Жизнь прошла мило [сборник] | страница 18
— Я думаю, что у вашего Ивана Тихоновича с детства всю жизнь были такие нарушения, раз он мог столько всего натворить, — проговорила Яна.
— А это было преднамеренное и заранее просчитанное преступление. — Клавдия Ивановна поджала губы. Глаза ее блестели. Она решительно наклонилась к Яне: — Ты меня сдашь?
— Куда? — не поняла Яна.
— В полицию, а куда же еще? Только я до сих пор не жалею о том, что совершила, и не собираюсь раскаиваться.
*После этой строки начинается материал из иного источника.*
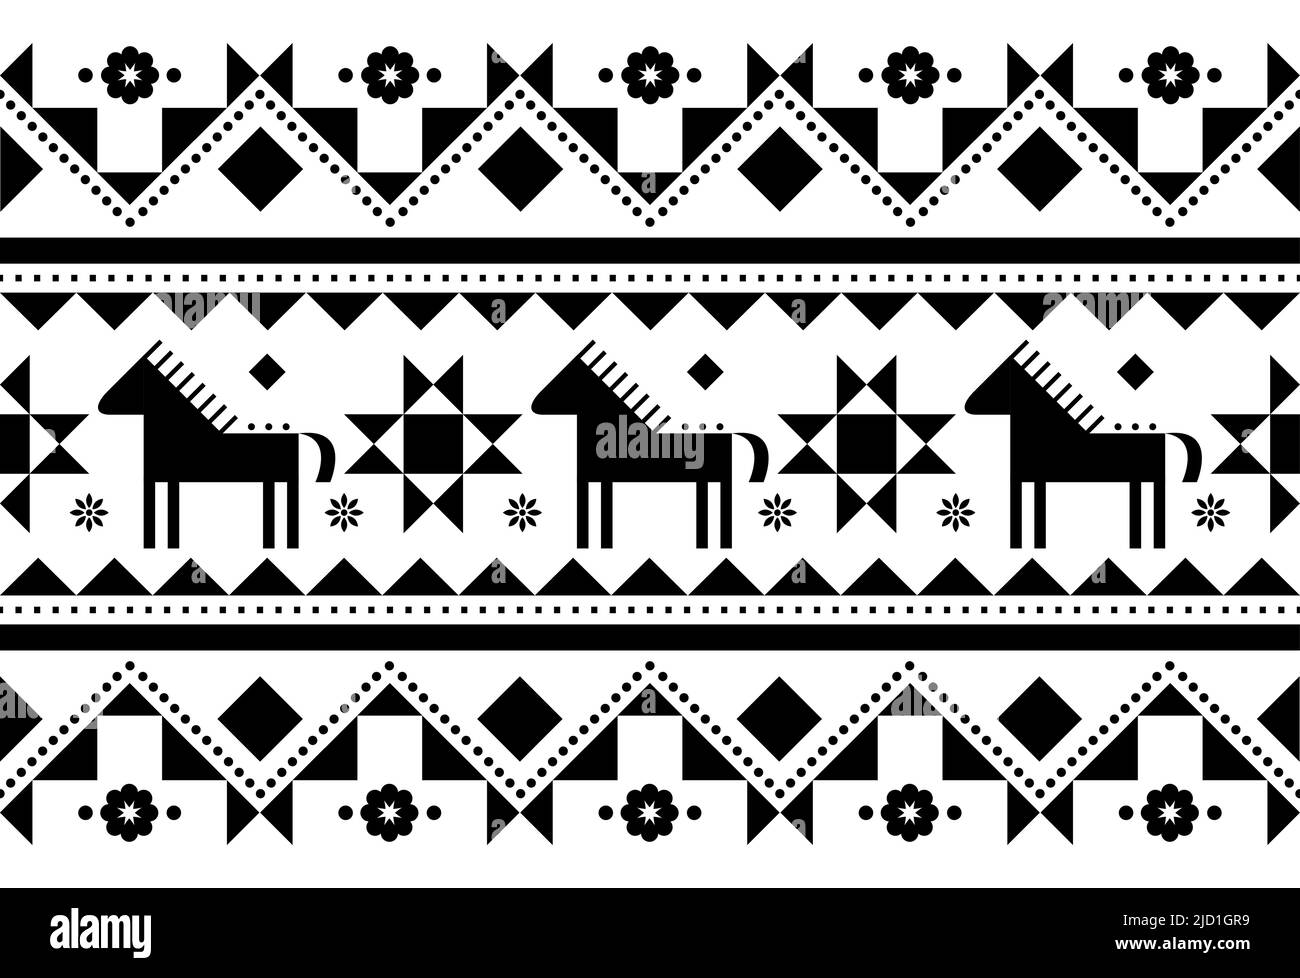 Pferde nahtlose Vektor-Muster - Ukrainisch Hutsul Pysanky (Ostereier) Volkskunst-Stil, geometrische schwarz-weiße Textil-oder farbischen Druck Stock Vektor
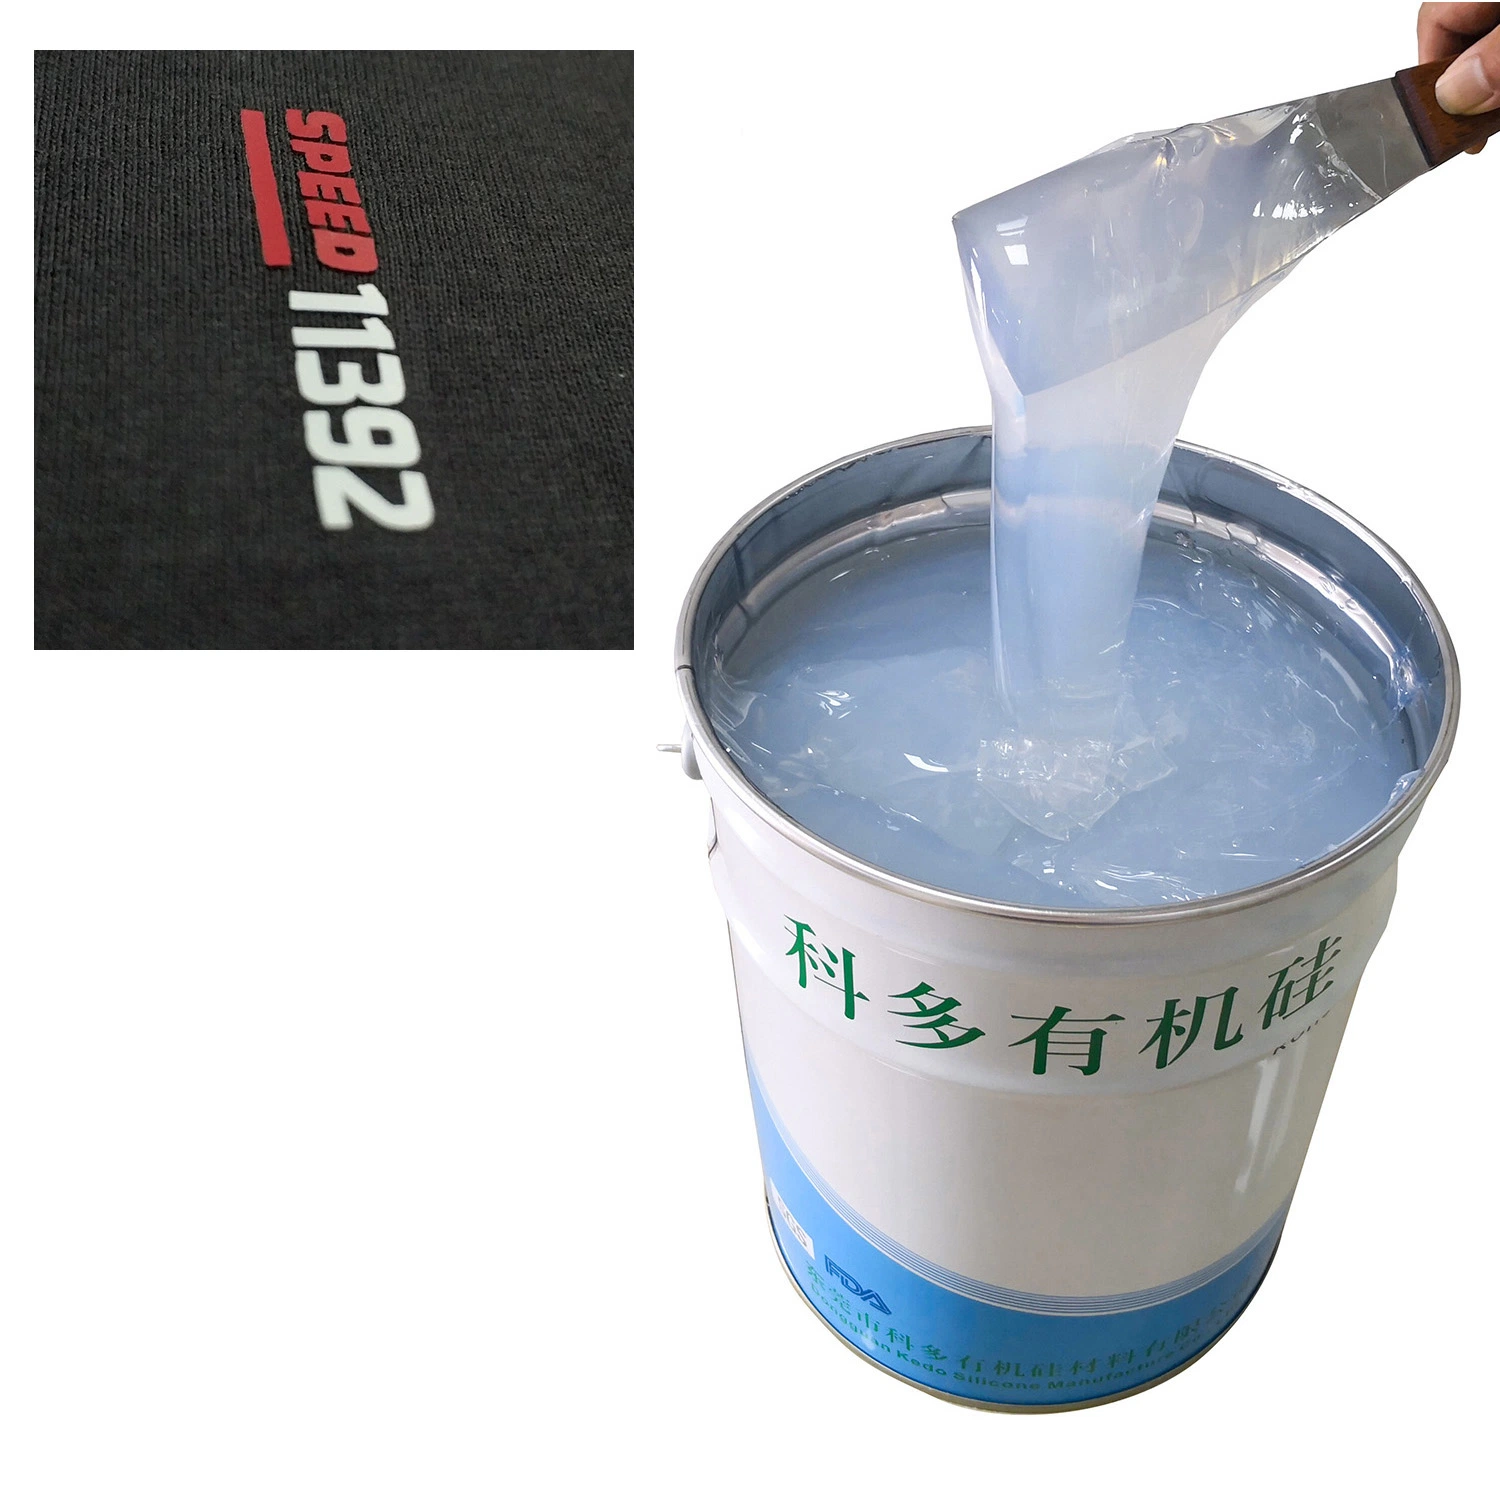 Высокое качество жидкого силикона для базового покрытия и цвет покрытия для тканей

Просто вот решила рассказать перед смертью хорошему человеку, облегчить душу…
— О какой смерти вы все время говорите? Не пугайте меня! Я бы никогда никому не рассказала… Не знаю, как бы я повела себя на вашем месте. Может, я бы просто придушила его подушкой и не стала бы ничего скрывать. Сколько бы вам дали? Лет десять… А прошло уже сколько?
— Около двадцати, — ответила Клавдия Ивановна.
— Вот! Срок давности истек… Не вините себя. Что сделано, то сделано, — успокоила ее Яна. — Только не пойму, чего вы так заботились о его памяти? Ходили на кладбище…
— Не знаю… Может, угрызения совести? Или уже как привыкла ухаживать за ним, так и продолжала по инерции… Трудно сказать. Ужасная ситуация, да? Убийца на могилке сажает маргаритки, чтобы покойнику и на том свете не удалось избавиться от мучений.
Яна молчала.
— А тут еще новость, — вздохнула соседка.
— Какая?
— Объявился его сын, Евгений. Я потом выяснила, что их с братом усыновили иностранцы по какой-то программе. Тогда несколько десятков детей были вывезены в Норвегию, Данию и Швецию и стали гражданами этих стран. Два мальчика, Владимир и Евгений Скворцовы, были усыновлены и уехали жить в Норвегию, в приемную семью. Теперь их фамилия Сальме. И вот один из них узнал, что я его искала, и захотел приехать в Россию. Мы какое-то время переписывались. Конечно, он очень плохо писал по-русски, с чудовищными грамматическими ошибками, но это и неудивительно… Парню под сорок, лет тридцать прожил за границей. Я рассказала ему почти всю историю его папаши, не стала скрывать, что узнала, с каким ужасным человеком прожила столько лет. Женю это не смутило, и он захотел пообщаться со мной, сходить на могилу к отцу. Вот тоже спроси — зачем? И ответа опять не будет.
Яна промолчала — ей опять стало хуже. Все тело ныло и болело, мышцы сводила пренеприятнейшая судорога — видимо, снова поднялась температура, спина вспотела, а озноб так и не проходил. В больничном коридоре мерно тикали часы, и этот звук, не меняющийся все время, пока она слушала такой пугающий рассказ, действовал убаюкивающе на сознание Яны. Да и большие зеленые растения были так похожи на искусственные, ни один листочек не шелохнулся у них, казалось, что они дремлют, пригревшись в огромных глиняных горшках.